━━━━━ DATASET EXCERPTS

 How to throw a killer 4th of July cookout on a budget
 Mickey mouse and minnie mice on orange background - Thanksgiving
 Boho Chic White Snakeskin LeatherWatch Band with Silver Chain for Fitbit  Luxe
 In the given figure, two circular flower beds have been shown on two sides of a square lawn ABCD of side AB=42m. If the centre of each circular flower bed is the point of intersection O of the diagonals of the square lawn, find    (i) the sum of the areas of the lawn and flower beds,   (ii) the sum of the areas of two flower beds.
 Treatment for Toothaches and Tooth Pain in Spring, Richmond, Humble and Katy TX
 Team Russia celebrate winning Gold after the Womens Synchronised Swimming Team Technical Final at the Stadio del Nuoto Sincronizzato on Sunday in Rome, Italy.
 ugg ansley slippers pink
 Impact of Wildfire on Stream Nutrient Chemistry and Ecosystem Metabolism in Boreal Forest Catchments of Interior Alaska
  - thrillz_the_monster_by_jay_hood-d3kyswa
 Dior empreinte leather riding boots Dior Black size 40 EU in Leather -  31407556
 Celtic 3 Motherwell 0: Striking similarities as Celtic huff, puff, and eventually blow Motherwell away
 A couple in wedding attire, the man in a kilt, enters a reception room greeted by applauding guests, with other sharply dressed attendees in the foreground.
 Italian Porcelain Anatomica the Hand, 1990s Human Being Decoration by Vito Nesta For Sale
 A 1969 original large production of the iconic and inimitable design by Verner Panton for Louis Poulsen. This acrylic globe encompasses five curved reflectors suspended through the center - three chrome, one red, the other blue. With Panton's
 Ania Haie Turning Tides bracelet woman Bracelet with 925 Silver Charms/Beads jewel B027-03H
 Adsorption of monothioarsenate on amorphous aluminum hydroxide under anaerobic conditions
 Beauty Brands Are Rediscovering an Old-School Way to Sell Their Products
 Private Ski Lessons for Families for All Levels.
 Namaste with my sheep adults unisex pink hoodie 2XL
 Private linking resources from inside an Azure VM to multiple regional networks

━━━━━━━━━━

#### [TASK STATEMENT]
Within the records above, how many lines include the word "Private"? Only the number is wanted.

#### [TASK ANSWER]
2